Little Simz – ‘Grey Area’ review

London MC Simbi Ajikawo has come true on her early promise with this confident and unapologetic album, the best rap record of the year so far

Fiercely confident and unapologetically forthright, the stunning new album from Little Simz is a reminder of her bold – and, sadly, sometimes underrated – talent. With punching bass lines and whip-smart melodies, 25-year-old Simbi Ajikawo takes us on a wild ride through her world, laying her vulnerability bare with admirable openness.

The London rapper has been co-signed by Kendrick Lamar and was the first independent artist on Forbes’ ‘30 under 30’ list. But her previous record, 2016’s ‘Stillness In Wonderland’, flew under the mainstream’s radar, perhaps because it’s a knotty concept album that demands the listener’s close attention. She’s since confessed that she’s questioned her craft, and wondered whether her hard work is worth not having her loved ones around. Well, ‘Grey Area’ is filled with immediate, punchy hooks, and we’re all the better for it.
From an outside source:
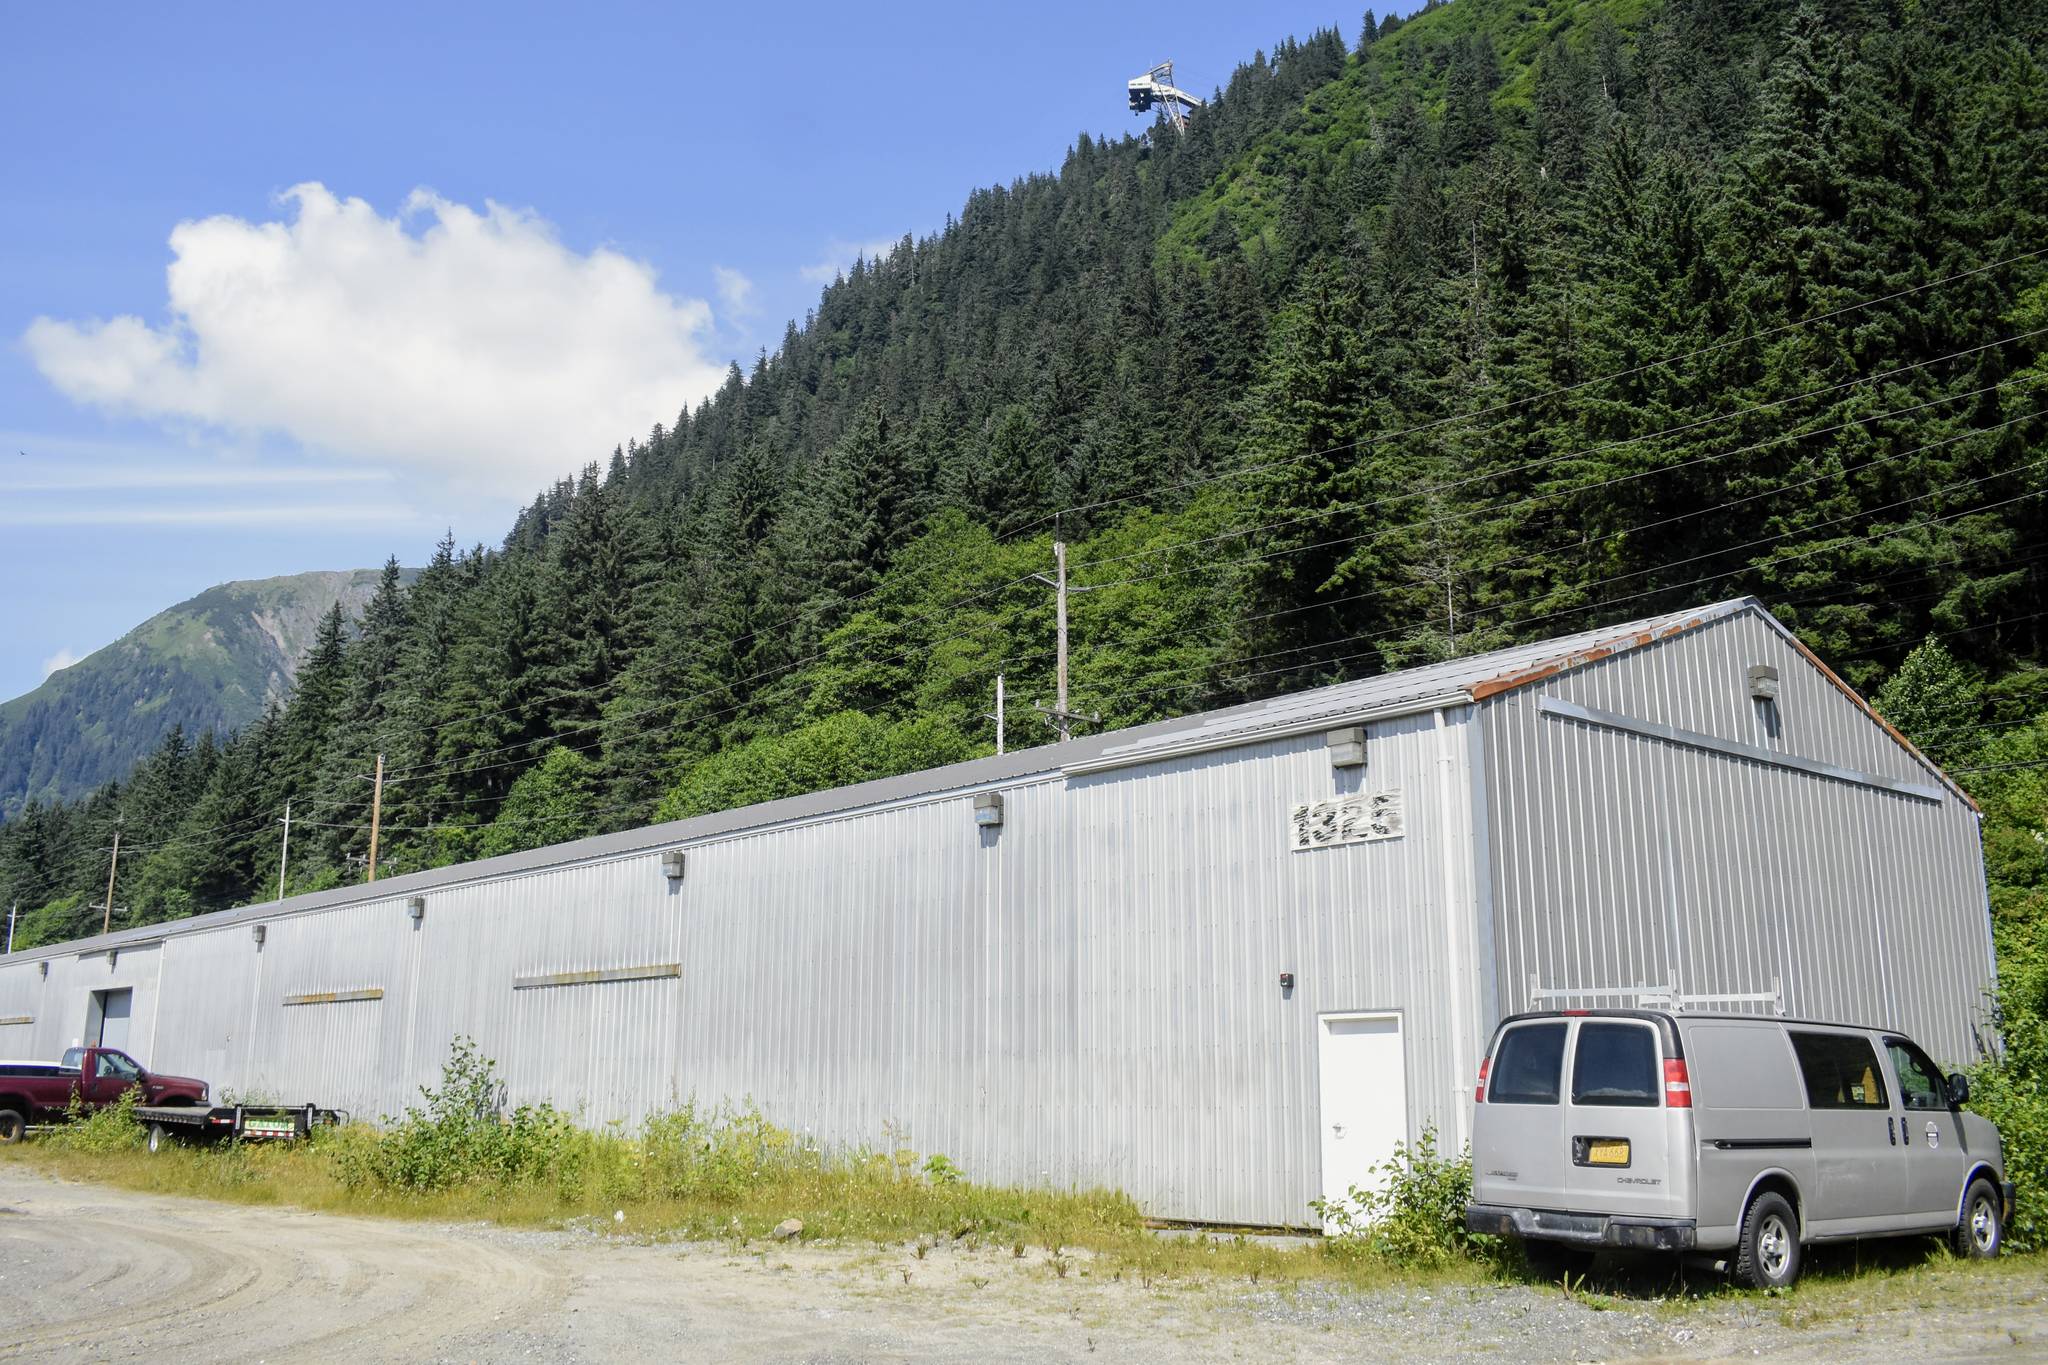 A surplus warehouse at 1325 Eastaugh Way, off Thane Road, is being considered by the City and Borough of Juneau as a possible location for a ballot-counting center should the city decide to increase its use of voting by mail in future municipal elections. On Monday, CBJ Assembly members heard public feedback on the proposal. (Peter Segall / Juneau Empire File)

The record swells with pride, and Simbi’s celebration of her sense of worth is catching. See opening track, ‘Offence’, where she reminds us that she’s back again and has to pick up where she left off before (“I said it with my chest / I don’t care who I offend – uh huh!”). Her unapologetic words, coupled with that vicious beat, make you feel unbreakable, and set the tone for the journey you’re about to embark on.

On ‘Flowers’, the final track, Simz wonders if the ambition she has for herself wanting to be legendary and iconic – comes with darkness. Here, she reflects on her idols, such as Amy Winehouse and Jimi Hendrix, and ruminates on their dizzying highs, but tragic endings. It’s a indication of the mindset she was in while writing ‘Grey Area’; the north London powerhouse was going through a dark time, which became pivotal in her creative process. You can hear this free-flowing energy – up and down– that runs through the album.

Across these 10 tracks, Simz utilises her most valuable commodity: honesty. Having stripped away the narrative cloak that shrouded the highlights of ‘Stillness In Wonderland’, she’s crafted a knockout record – and finally come true on her early promise. This is the best rap record of the year so far.